Models for calculating the risk of death are used to assess the severity of the condition of traumatic patients. Classically, models for calculating the risk of death in traumatic patients have used two types of approximations. One approach consists of using physiological variables, which can define organic failures, which indicate a greater risk if their values are far from the levels defined as normality; and another approximation determines the severity according to the graduation of the anatomical lesions produced in the different body areas [1].

Although various studies have tried to take advantage of these two approaches – anatomical and physiological – there is still a need to look for systems that achieve better results and to obtain tools that can be used in healthcare practice [2].

Lesions are divided into groups associated with different anatomical areas, and their intensity can be assessed according to the Abbreviated Injury Scale (AIS) [3]. The physiological impact is assessed at the neurological, hemodynamic, and respiratory levels according to the Triage-Revised Trauma Score (T-RTS) [4].

In order to analyse the relationship between mortality, anatomical extension of the injury and its physiological repercussion, it is necessary to have large databases that include records of critically traumatic patients. The RETRAUCI (National Trauma Registry in ICU) study includes the participation of 52 ICUs in Spain and almost 10,000 patients [5].

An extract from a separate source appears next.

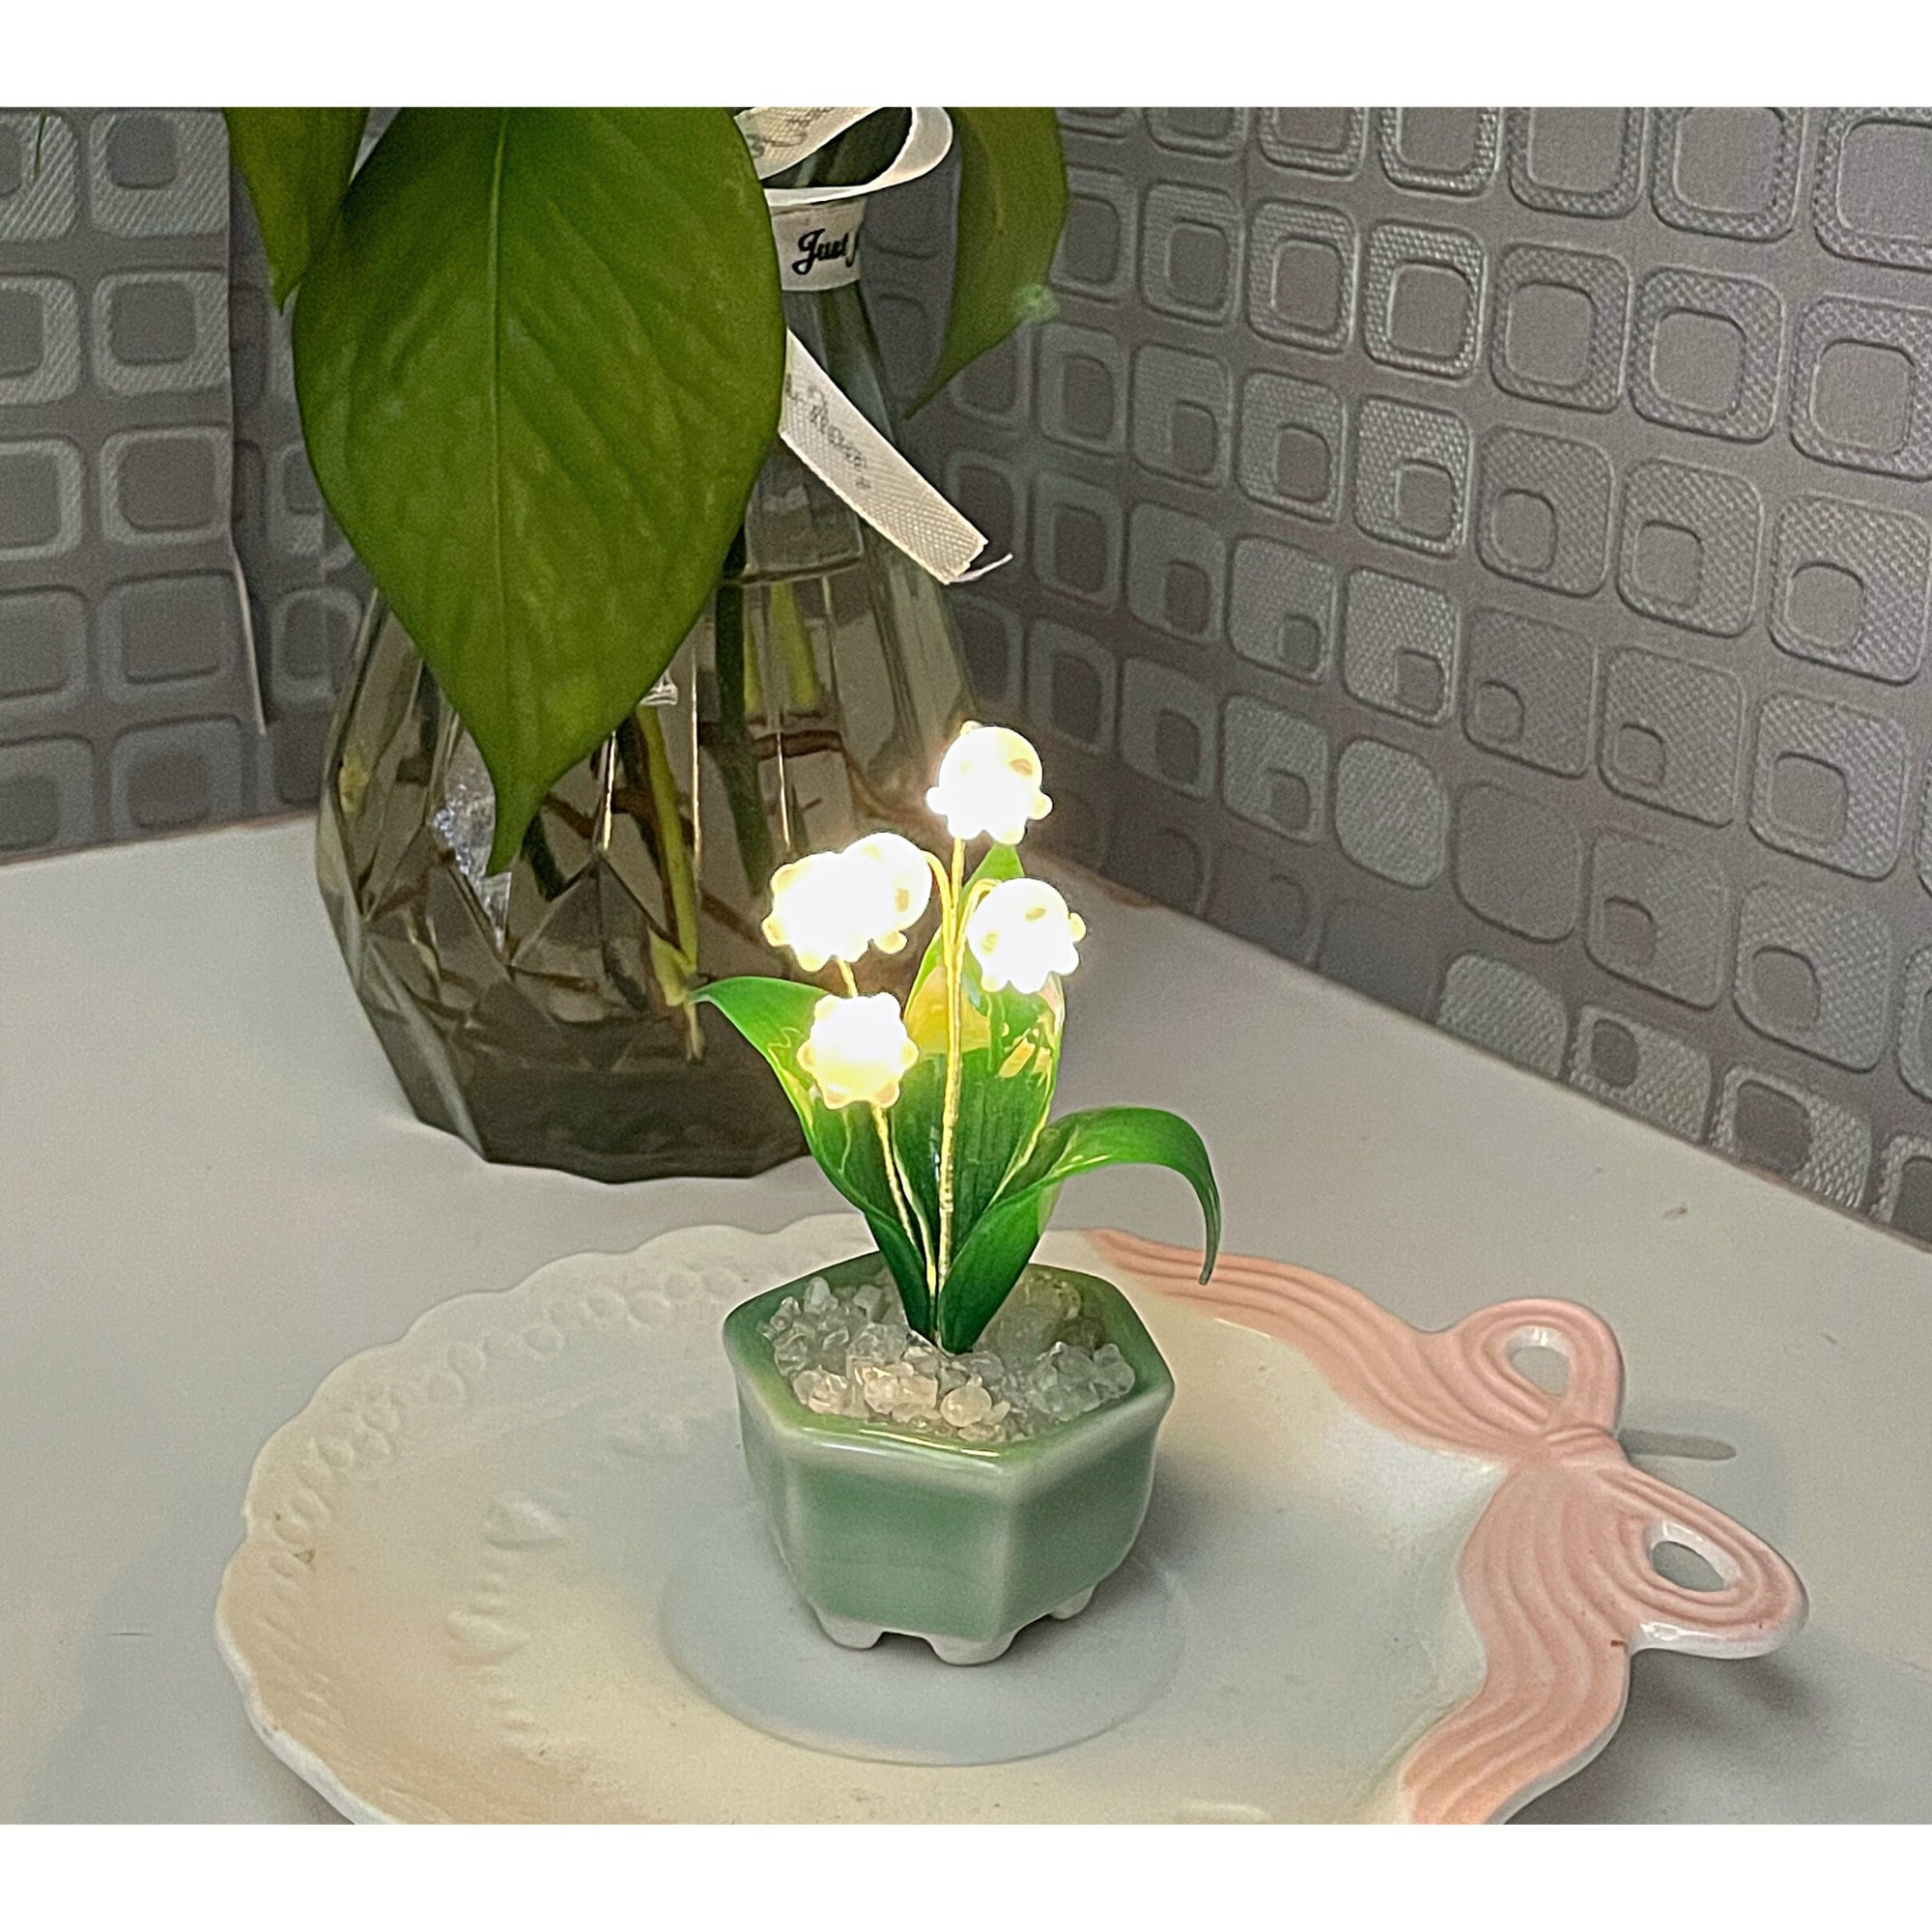 PABIPABI Lily of Valley Night Light, 10pcs Artificial Lily Flowers with  Warm White LED, Battery Powe…See more PABIPABI Lily of Valley Night Light

Classification systems that use machine learning techniques (MLT) provide a global methodological vision and allow us to create multiple algorithms to achieve a more accurate result [6]. The current interest in MLT methodology applied to biomedical research is especially keen, and the development of these techniques requires adequate standardization and evaluation guidelines [7].

There are platforms that make it possible to work with multiple algorithms and that make the work more user-friendly and accurate in the construction and evaluation of results [8]. Among others, the WEKA (Waikato Environment for Knowledge Analysis) platform, developed by the University of Waikato, offers the possibility of using various algorithms and evaluating them with a single tool [9].

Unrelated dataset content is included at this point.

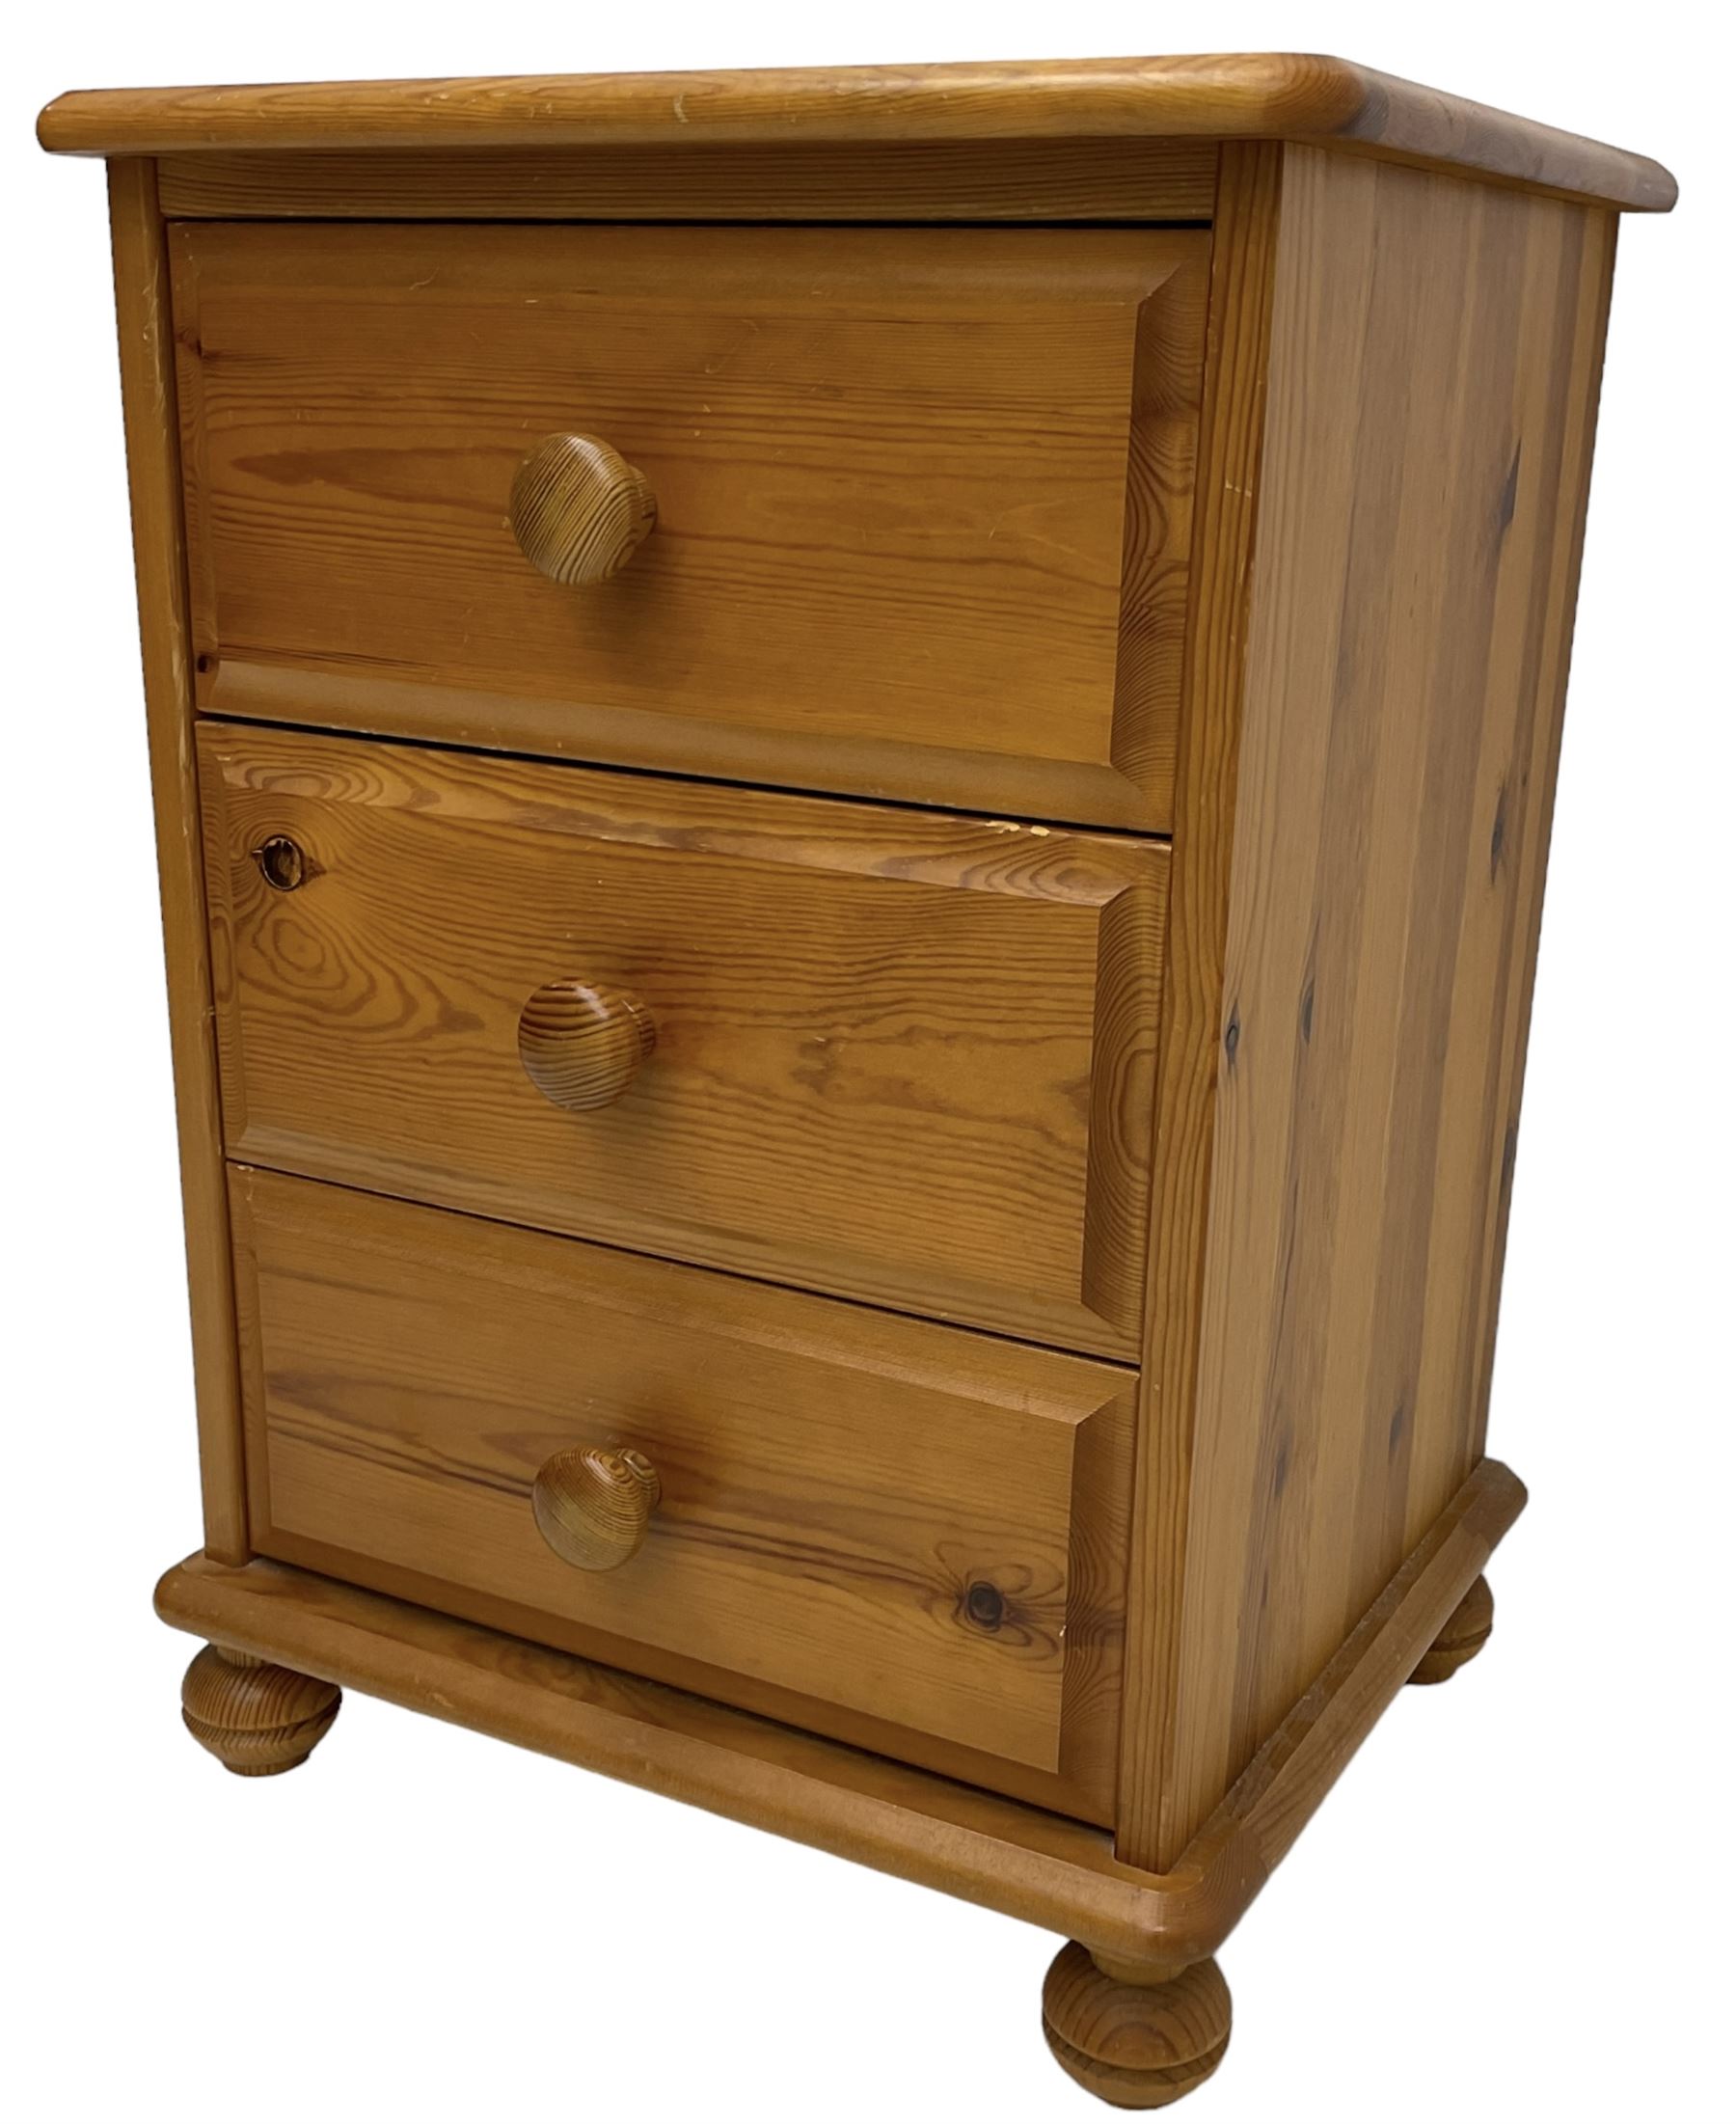 Polished pine chest - Image 4 of 12

From a theoretical point of view, in the ideal conditions of a refined database with sufficient records, the No Free Lunch Theorem establishes that all the algorithms will optimize their results. With real data, however, this same theorem forces us to use different algorithms that will obtain different degrees of precision [10].

Some algorithms produce models with clinical interpretation, such as those based on classification trees, decision rules or Bayesian networks [11, 12]. Understanding the relationships between the variables that influence the classification of patients according to their severity offers us the possibility of understanding the different profiles of traumatic patients admitted to the ICU.

Our objective is to create different predictive models of the mortality of critically traumatic patients using machine learning techniques, to evaluate their performance and, if they can be interpreted, to evaluate relationships between the different types of variables included.

Methods

RETRAUCI database

RETRAUCI is an observational, prospective, and multicentre nationwide registry that currently includes 52 ICUs in Spain. The RETRAUCI database only collects traumatic patients admitted to the ICU. It has the endorsement of the Neurointensive Care and Trauma Working Group of the Spanish Society of Intensive Care Medicine (SEMICYUC) and currently operates in a web-based electronic format [13]. We include a five-year study period (2015–2019). Ethics Committee approval for the registry was obtained (Hospital Universitario 12 de Octubre, Madrid: 12/209). Due to the retrospective analysis of de-identified collected data, informed consent was not obtained. Hospital mortality was used as the outcome variable.

The variables collected were classified into several groups (Table 1).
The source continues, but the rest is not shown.